Optical Character Recognition (OCR)
OpenGateLLM provides an OCR endpoint based on the Mistral API convention, /v1/ocr. For more information on the Mistral API convention, please refer to their documentation.
warning
For the following tutorial, we use DINUM instance of OpenGateLLM, called Albert API. If your are not a user of this instance, please refer to the OpenGateLLM readme to install and configure your own instance. You need to have a image-to-text model to run this tutorial.
%pip install -qU mistralai requests datasets pillow
import base64
import os
from urllib.parse import urljoin
from IPython.display import Image, display
from mistralai import Mistral
import requests
First, setup your API key and server URL. You can set the ALBERT_API_KEY environment variable or provide it directly, then initialize the Mistral client and a requests session.

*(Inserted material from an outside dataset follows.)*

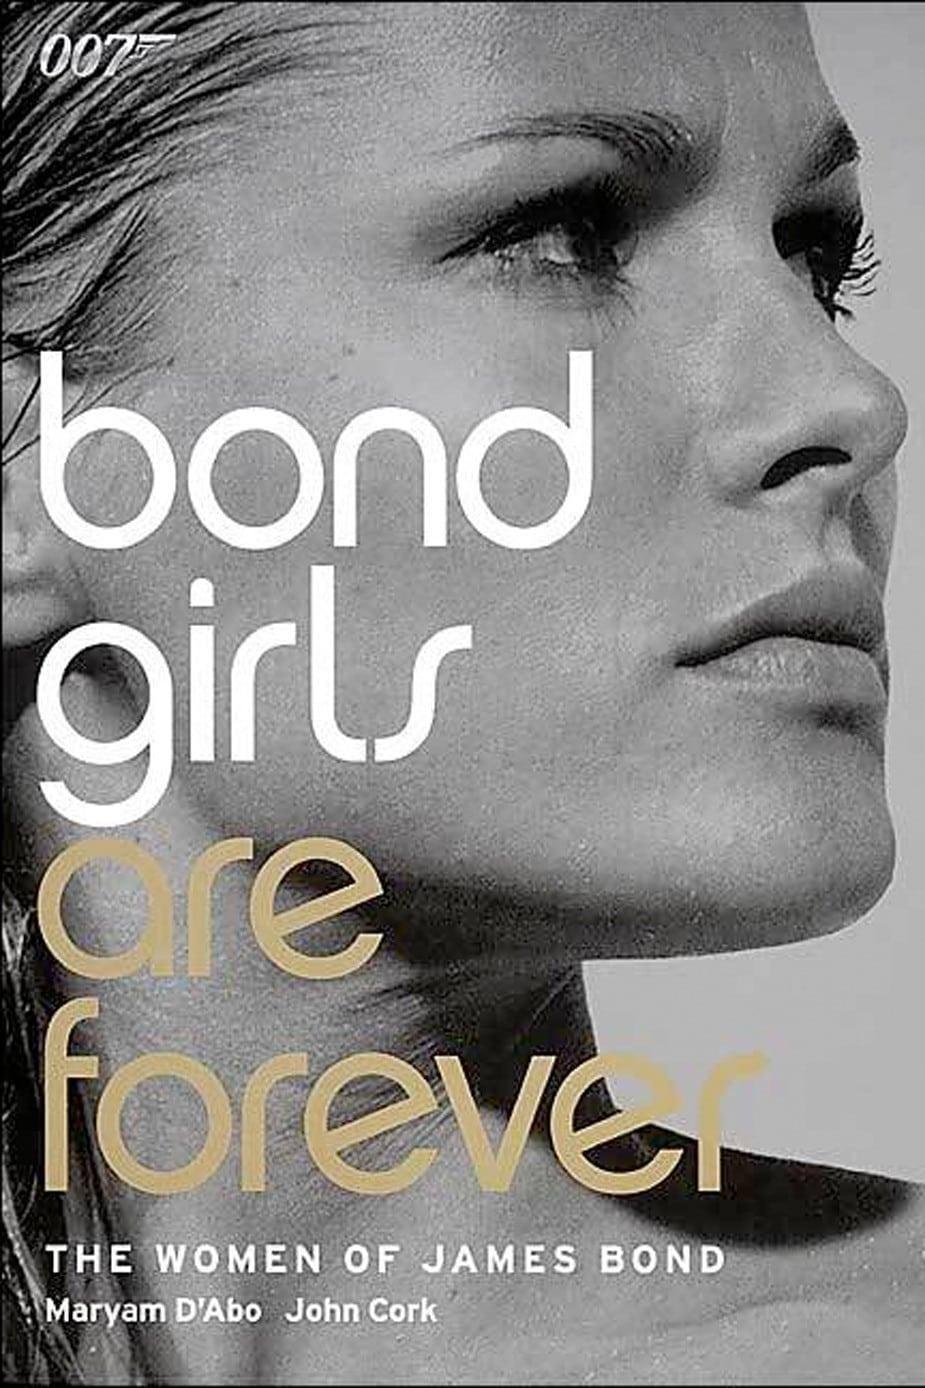 Bond Girls Are Forever poster

server_url = "https://albert.api.etalab.gouv.fr"
api_key = os.getenv("ALBERT_API_KEY")
session = requests.Session()
session.headers.update({"Authorization": f"Bearer {api_key}"})

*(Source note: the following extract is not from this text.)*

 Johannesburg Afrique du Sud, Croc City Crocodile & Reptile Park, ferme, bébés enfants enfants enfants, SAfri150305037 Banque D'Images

client = Mistral(server_url=server_url, api_key=api_key)
Find an OCR model with /v1/models endpoint to perform OCR. Theses models have the type image-to-text.
response = session.get(url=urljoin(server_url, "/v1/models"))

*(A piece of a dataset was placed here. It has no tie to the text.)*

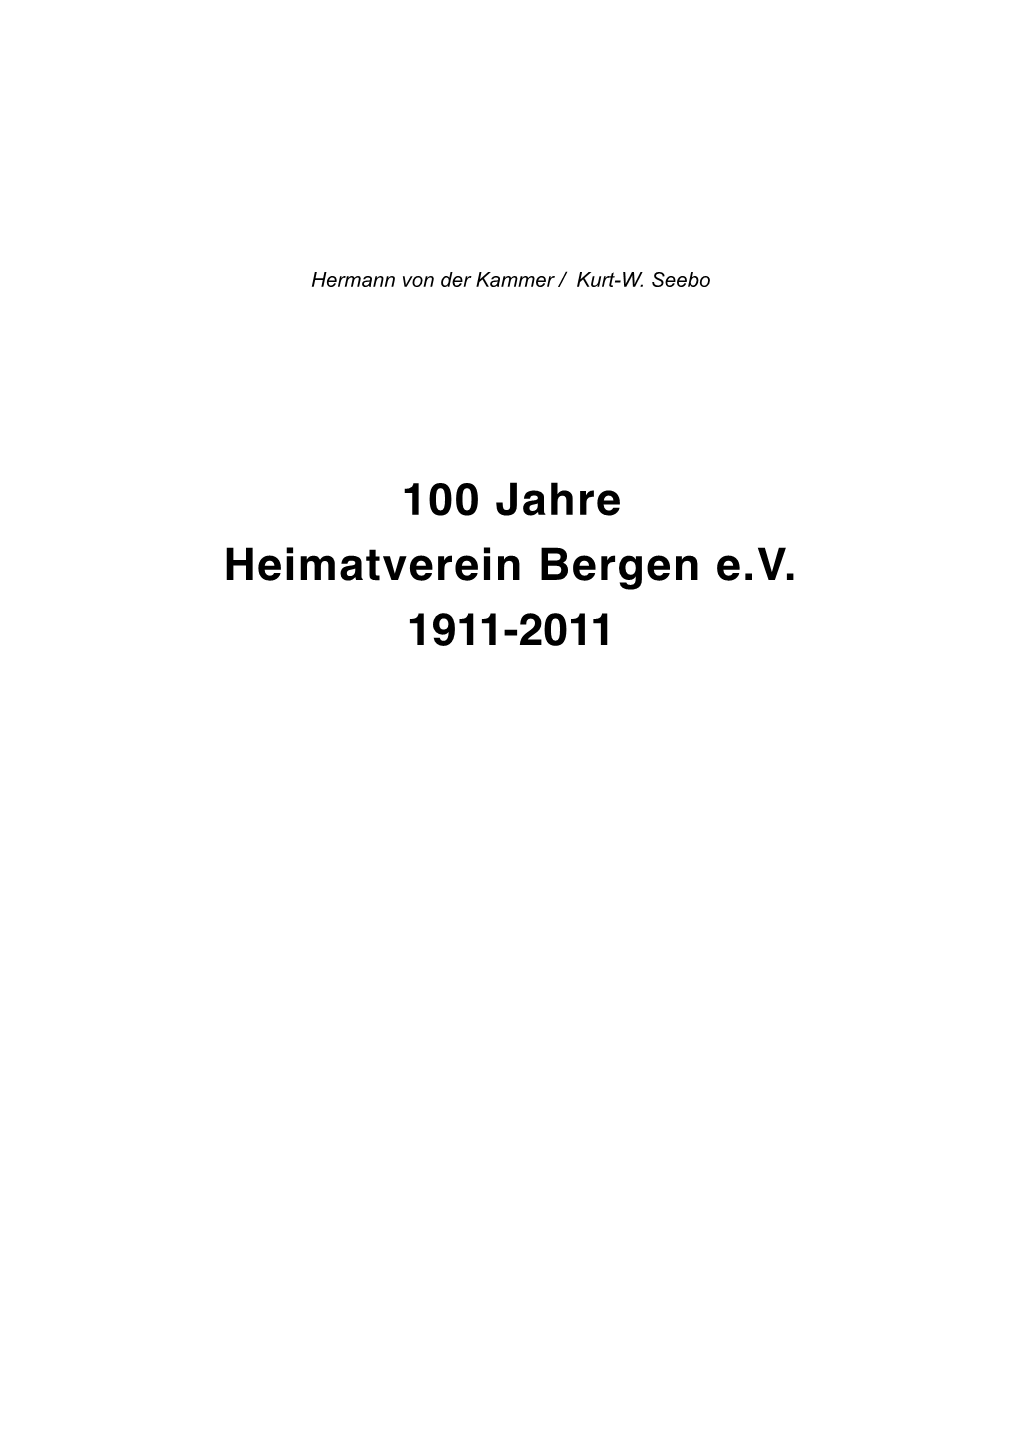 100 Jahre Heimatverein Bergen +

assert response.status_code == 200
models = response.json()["data"]
model = [model for model in models if model["type"] == "image-to-text"][0]["id"]
print(f"OCR model found: {model}")
OCR model found: mistral-ocr-2505
OCR your PDF Documents
OCR with a PDF URL
- With Mistral client
- With requests
url = "https://www.princexml.com/samples/magic6/magic.pdf"
response = client.ocr.process(model=model, document={"type": "document_url", "document_url": url}, include_image_base64=True)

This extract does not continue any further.